Odota by Aki Yli-Salomaki is a fairly short and meandering work. The title means “wait” and the composer acknowledges the very free form, somewhat pensive nature of the work. It is a part of a series of works he wrote for solo instruments on the nature of slowness and stasis. The series was titled Viipyillen (“lingering”) As the composer says in the booklet notes, “The music has no aspiration, no destination, it just is.”

The absolute most intriguing title in this collection is, no doubt, The Threatened Assassin, by Adam Vilagi and was written for Otto Tolonen. Actually the title comes from the name of a painting by the French Dadaist René Magritte, which depicts two figures lurking just outside the doorway of a room in which is a seemingly dead nude woman on a couch and a gentleman looking at a phonograph. This disturbing imagery is reflected somewhat in the alternately staccato “menacing” strumming and the atonal floating around the fingerboard. This is a very strange work that succeeds in its intent.

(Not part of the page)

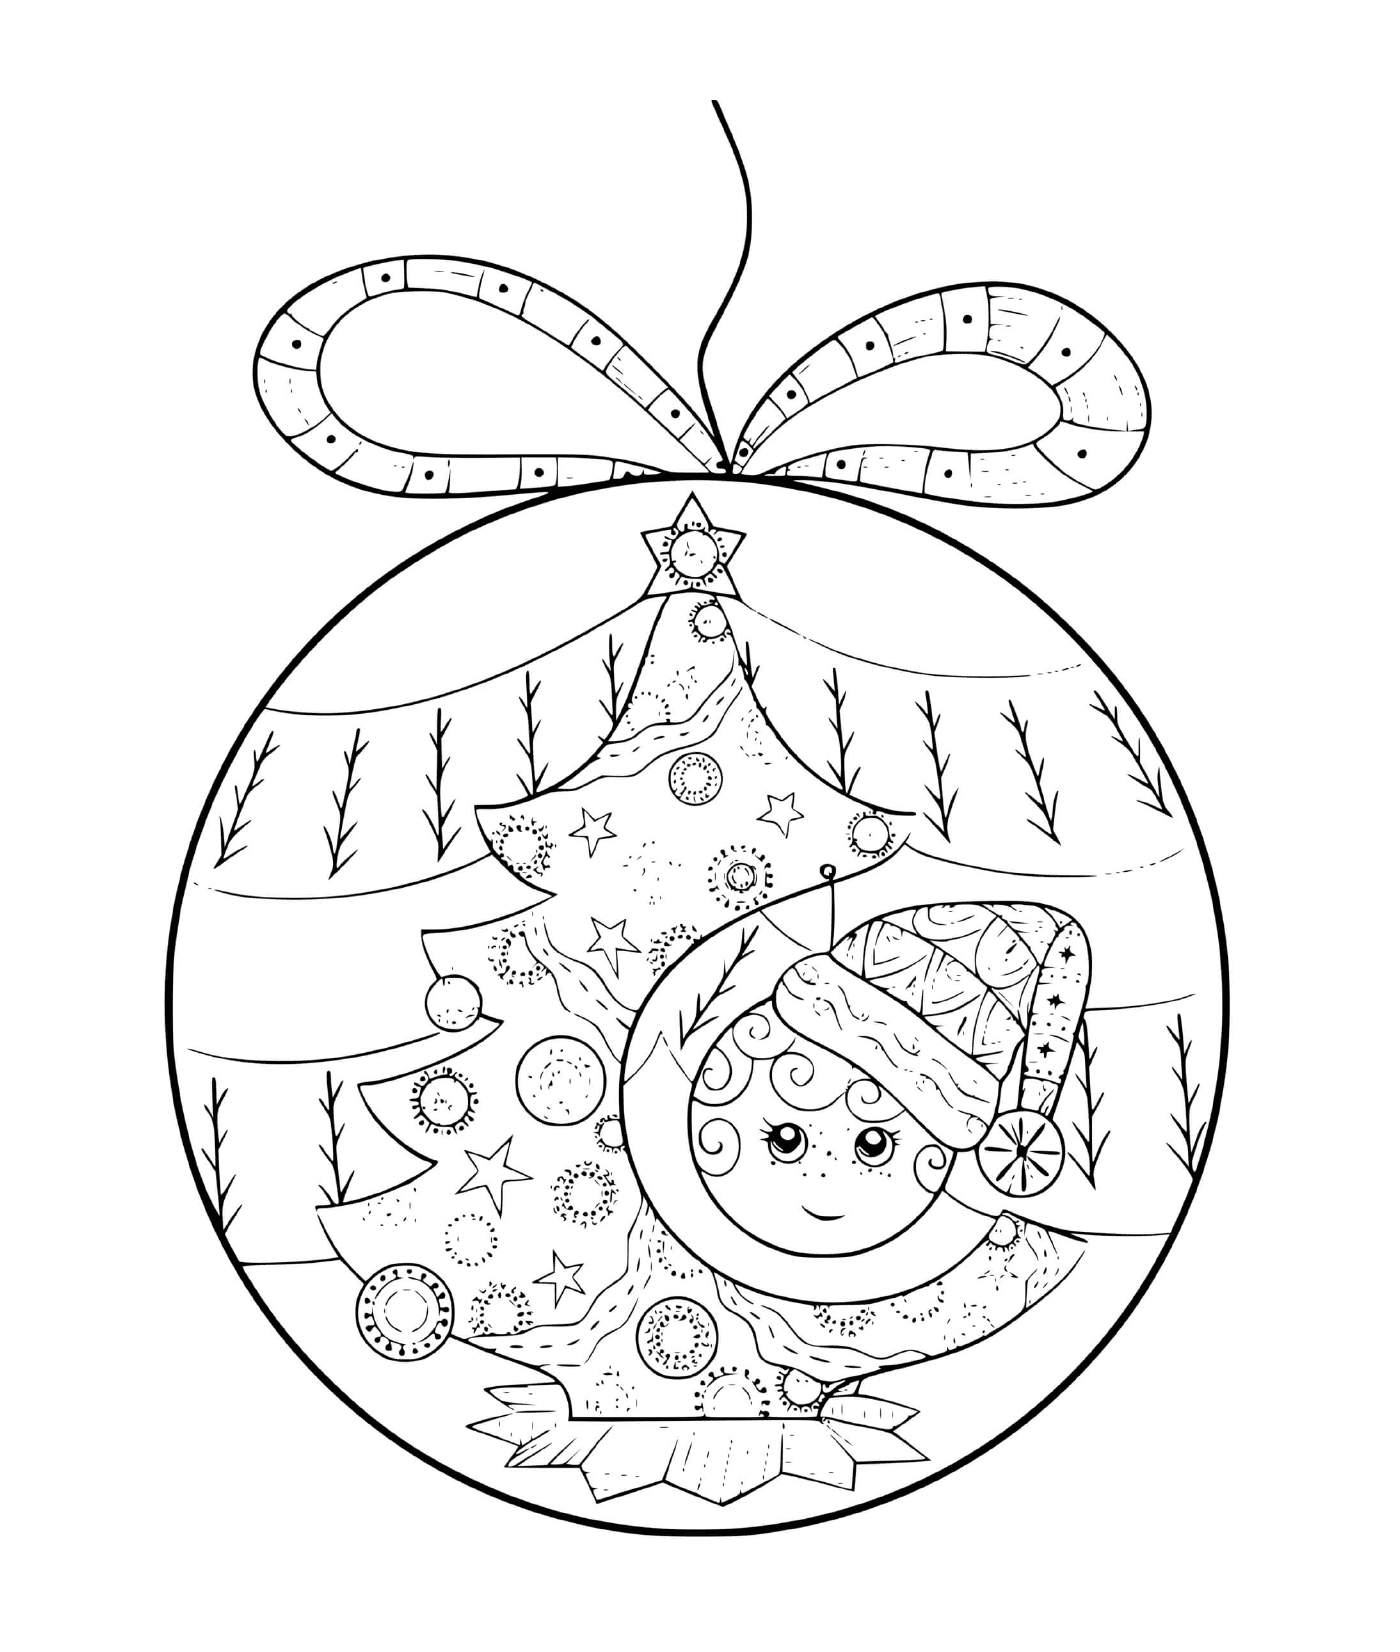  A Christmas ball with a child and a tree

The shortest work here, Elegietta, by Sauli Zinvjev, is as the title implies; a short, elegiac, very pretty, somewhat sad work. The composer calls it a “sigh.”  On the other hand, Tenebrae (Latin: “darkness, gloom”) by Jouni Kaipainen is the longest work here. The composer uses the religious nature of the “Tenebrae” in Christian Holy Week services to create a very plaintive, sometimes mournful atmosphere. Of the composers represented here, Kaipainen is the one I was most familiar with and this work is my favorite on the program.

This collection is certainly unusual and maybe even a little mixed in its results. Additionally, this album bears the unexplained dedication (on the inside front cover), “To the gloom of Haapamäki”.  There is a small town that apparently served as a railway depot by that name in Finland’s Keuruu district as well as a composer named Sampo Haapamäki. While some of the music in this program is a little dark and introspective, I certainly hope that nothing unfortunate happened to the composer or the population of that hamlet. Regardless, this is good, occasionally provocative, music played very well by Otto Tolonen.